“Getting Lost” by Annie Ernaux (post 1): 2022 Nobel Prize winner’s books suggest she has multiple, hidden personalities
Annie Ernaux, since she is not a psychologist, has not conceptualized how her mind works, so I have set some of her self-contradictory statements—self-contradiction suggests multiple personality trait—side by side:
First, “I tell myself that this whole story is extremely dull and commonplace. A man and woman meet from time to time just to sleep together” (1, p. 106).
Second, in self-contradiction (suggestive of multiple personality), she had seen the affair as being so important that she had already published an autobiographical novel, “Simple Passion” (1, p. 8), about this very same affair with a younger married man.

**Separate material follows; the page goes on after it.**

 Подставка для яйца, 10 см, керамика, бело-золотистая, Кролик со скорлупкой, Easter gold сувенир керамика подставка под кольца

Third, “I am conscious that I am publishing this journal [as a new book] because of an inner imperative—whose inner imperative, an alternate personality’s?—without concern for how S [her lover] might feel” (1, p. 9).

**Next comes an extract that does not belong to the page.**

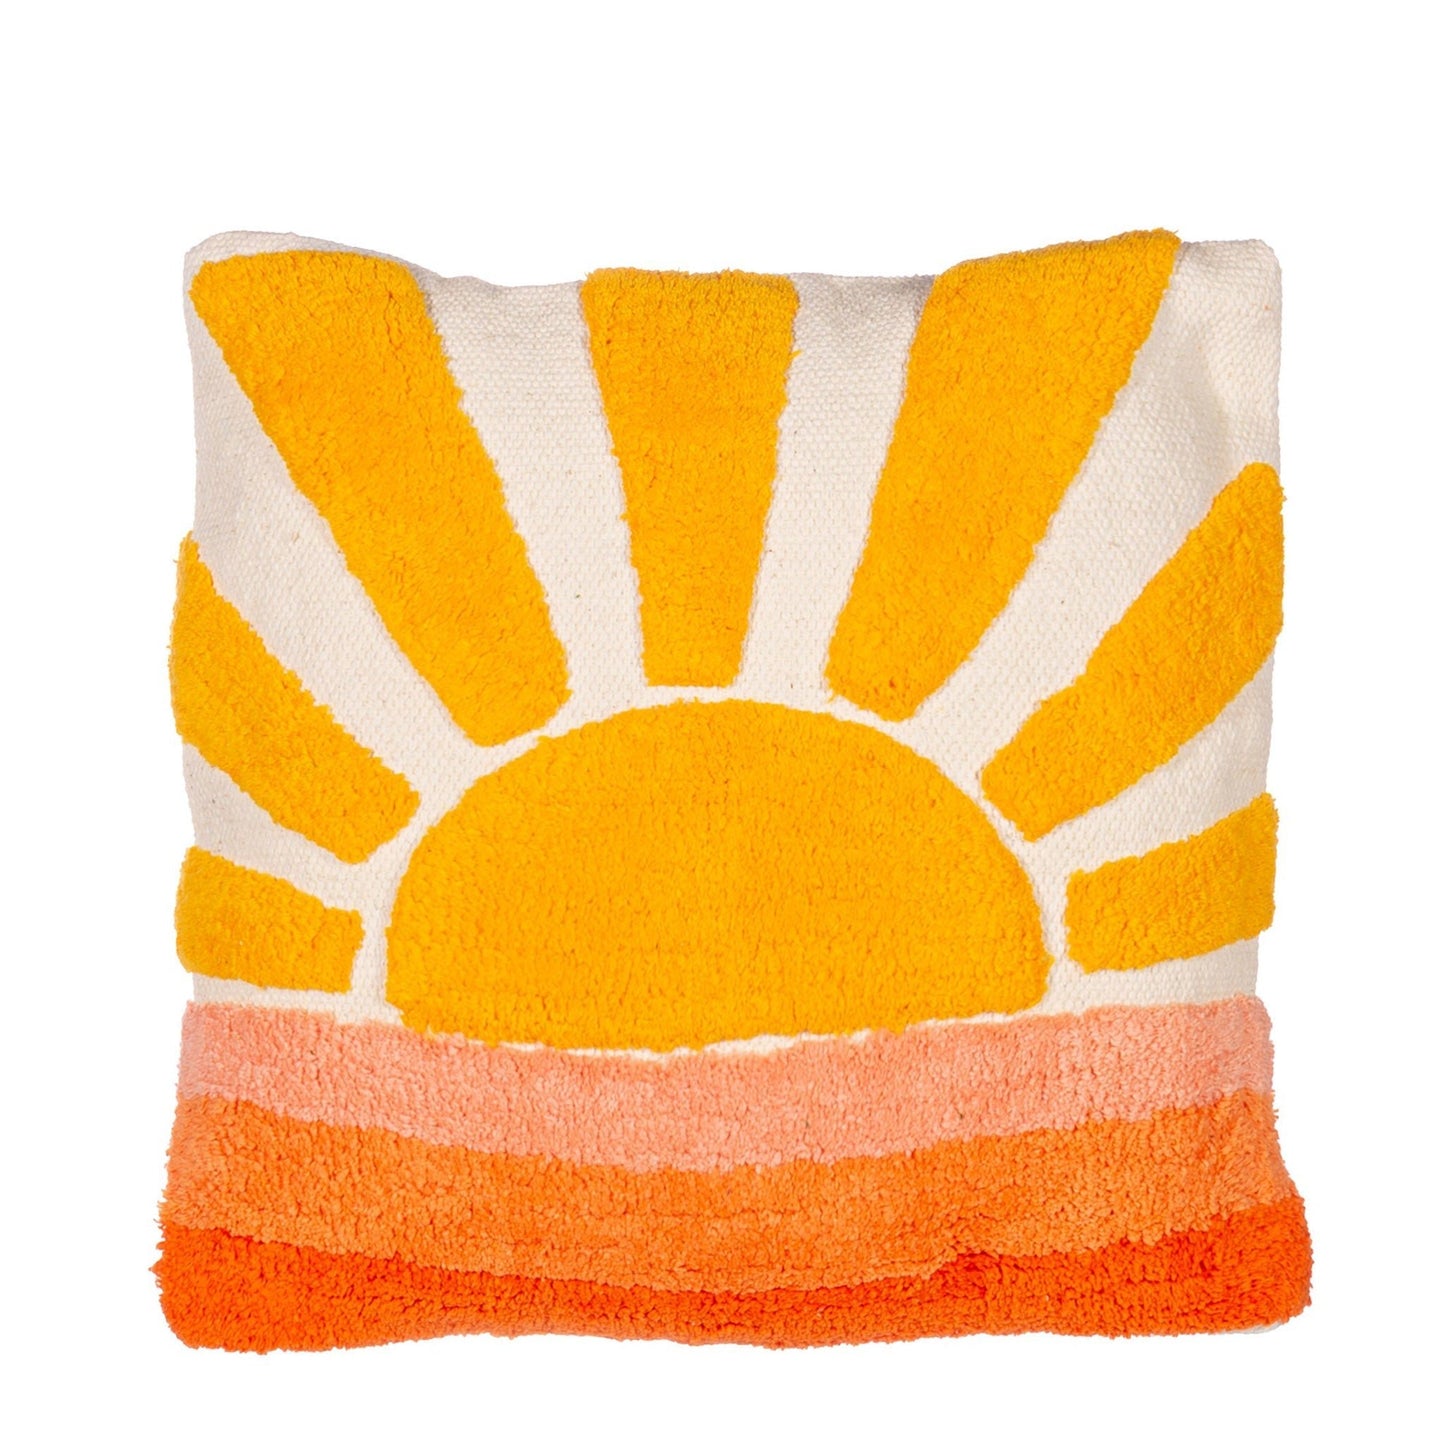 Getuftetes Kissen mit Sonnenuntergang-Motiv - Vandeley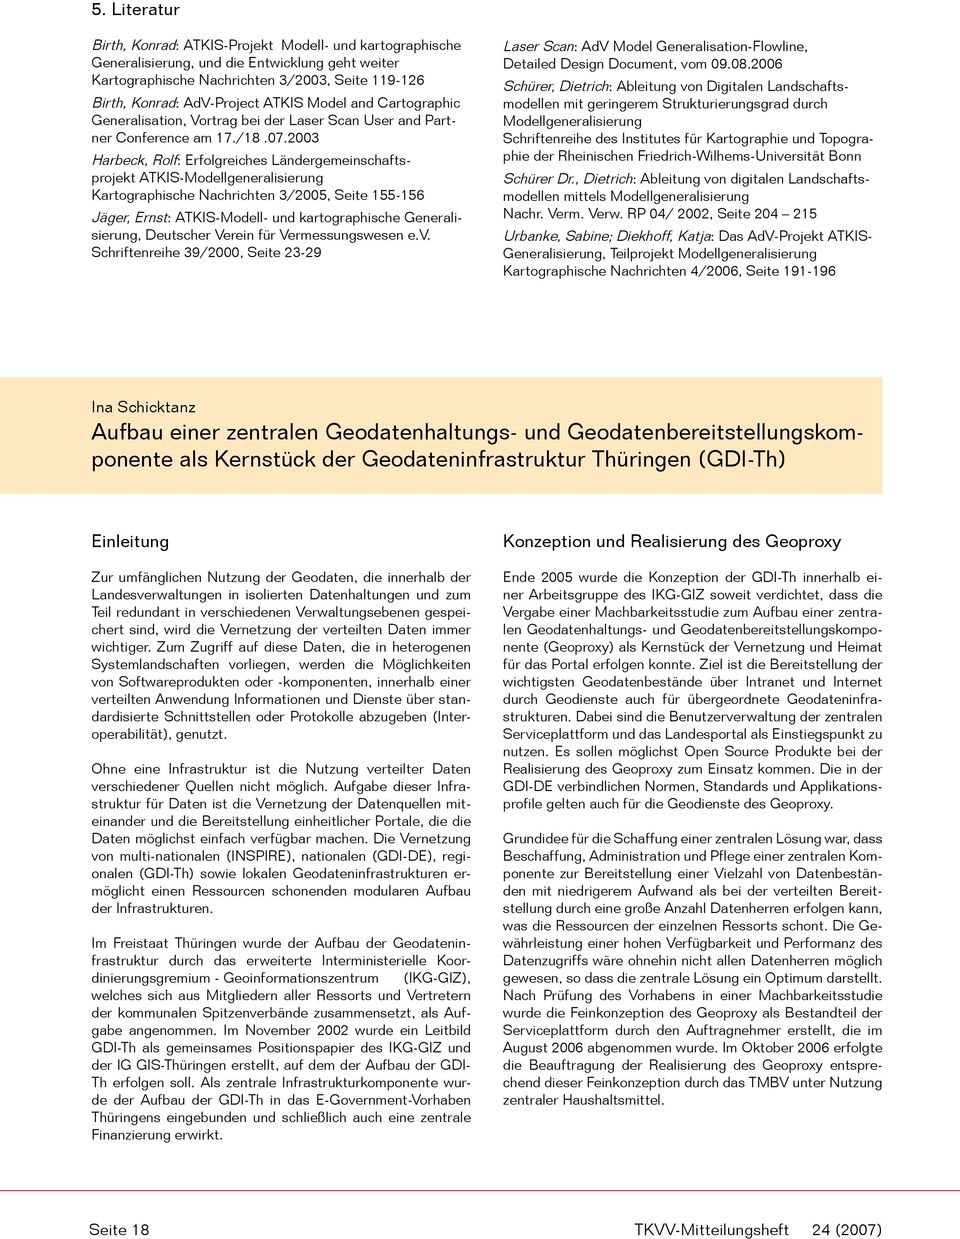 2003 Harbeck, Rolf: Erfolgreiches Ländergemeinschaftsprojekt ATKIS-Modellgeneralisierung Kartographische Nachrichten 3/2005, Seite 155-156 Jäger, Ernst: ATKIS-Modell- und kartographische

She also says, “My books have always been the truest manifestation of my personality, without my knowing it" (1, p. 105). Hidden parts of a person’s personality may be inner, alternate personalities.

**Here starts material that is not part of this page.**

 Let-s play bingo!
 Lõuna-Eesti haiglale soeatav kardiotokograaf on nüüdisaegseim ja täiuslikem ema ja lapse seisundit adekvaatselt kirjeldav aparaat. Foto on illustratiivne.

And it is apparently common for things to happen to her without her remembering them, as indicated by her casual remark: “Since my flight home yesterday, I have tried to reconstruct events, but they tend to elude me, as if something had happened outside my consciousness” (1, p. 12). Memory gaps are suggestive of multiple personality.
Added Oct 9: Of course, with everything going on in the world, few people will concern themselves with the psychology of the woman who has just won the Nobel Prize in Literature, especially since previous winners have had the same thing.
1. Annie Ernaux. Getting Lost. Translated from the French by Alison L. Strayer. New York, Seven Stories Press, 2001/2022.